SDXL was released to all of us here. Now we build.
⋅ ⊣ What?
A methodical chaoswarp* of the best available models on Civitai combined with custom, unreleased, XL Loras I've been training these past weeks have resulted in this model. It is capable of photorealism and natural photography but that just scratches the surface. RE can do NSFW and has great anatomy information paired with Loras for better skin-texture and more realistic faces, eyes and mouths. The hole slew of anatomical corrections have been mostly fixed for the ladies and hands have also improved a lot giving way to staggering realism. The men still have room for improvements, but with this as a base I think that improvement will be here quick.
Realities Edge is first and foremost an art machine. Bombastic oil paintings, atmospheric art photography, futuristic 3D, all forms of digital art and anything in-between. If it's been expressed in art in some period of the human history, RE should be able to handle it or at least give you a great base to train your own stuff with! Loras are more accessible than ever with SDXL being the easiest plattform to train on (but a hard one to master 😉).
RE has a wide array of art-styles to choose from and most of them come out sharp and vibrant ready for further tweaking if and upscaling if needed. Illustrations, vector, oil paintings, watercolor, vintage cameras like Kodak and Ektachrome; product photography, concept art, macro, portraits, animals, comics, characters, Western-style, Eastern-style, medieval, RPGs like D&D, mechanical parts, aliens and all of these can be combined, twisted around, merged and re-synthesized into whatever concoction you can imagine.
⋅ ⊣ How?
Leaning heavily on the fantastic community model maker socalguitarist 's XL models infused with high volumes of my own acidic Loras burning off bad quality, low resolution, wonky eyes and airbrushed skin texture and adding a needed boost to creativity and range of style that the base model from StabilityAI lacks. Together with the training of the community merged within, this model shines.
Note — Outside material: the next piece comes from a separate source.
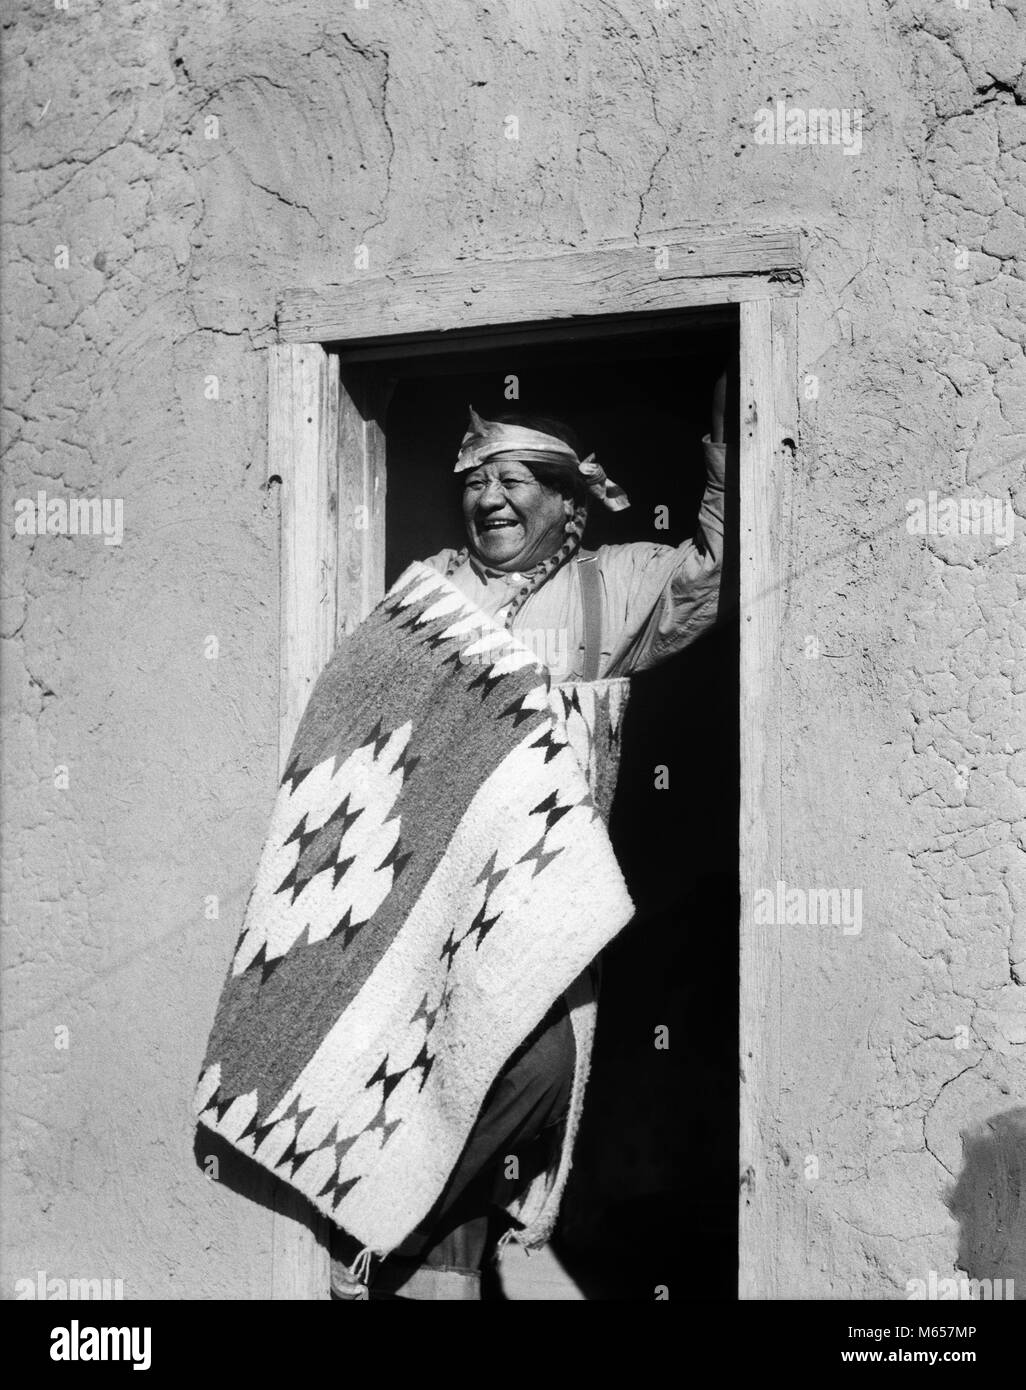 1930 SMILING Native American Indian MAN STANDING IN DOORWAY portant des costumes typiques de SAN ILDEFONSO PUEBLO NOUVEAU MEXIQUE USA - i2678 HAR001 HARS NOSTALGIE INDIENS middle-aged homme d'âge moyen 50-55 ans 55-60 ans BONHEUR JOYEUX SOURIRES JOYEUX NATIVE AMERICAN PUEBLO HOMMES AUTOCHTONES AMÉRICAINS TYPIQUES DU NOUVEAU MEXIQUE B&W NOIR ET BLANC ILDEFONSO OLD FASHIONED PERSONNES Banque D'Images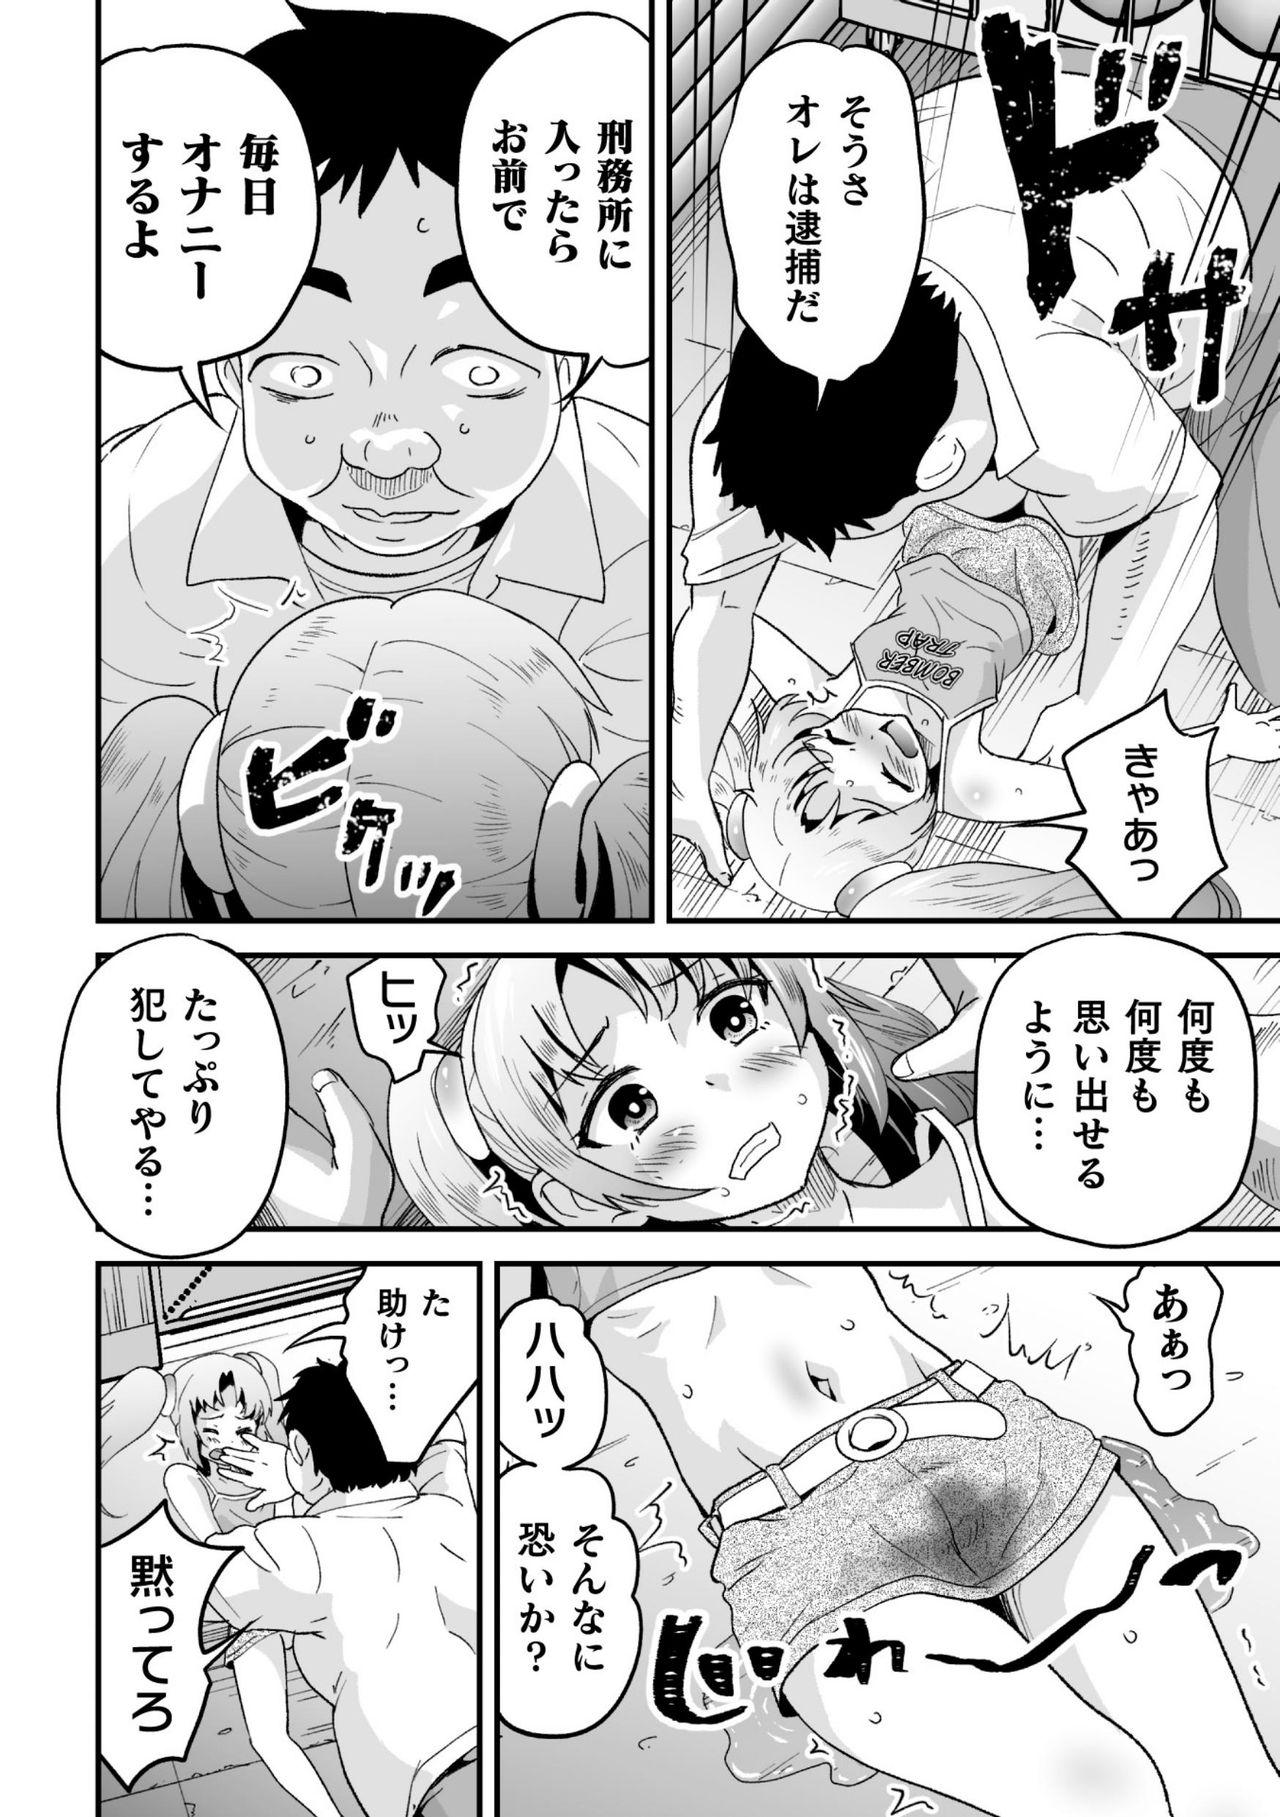 2D Comic Magazine Mesugaki Otokonoko Seisai Ikiru Shiriana o Wakarase Bou de Goshidou Gobentatsu! Vol. 2 51

There have been around 17 iterations before arriving at this one. Models have been merged with regular Checkpoint merging in both Weighted sum and Add difference but the heavy lifting was done in MBW (block merging). The many Loras were trained with Kohyaa-ss with dim rank of 256 for the sharpest detail and highest quality possible, at the cost of diskspace.
Speaking of which. Total footprint for model is ~170GB.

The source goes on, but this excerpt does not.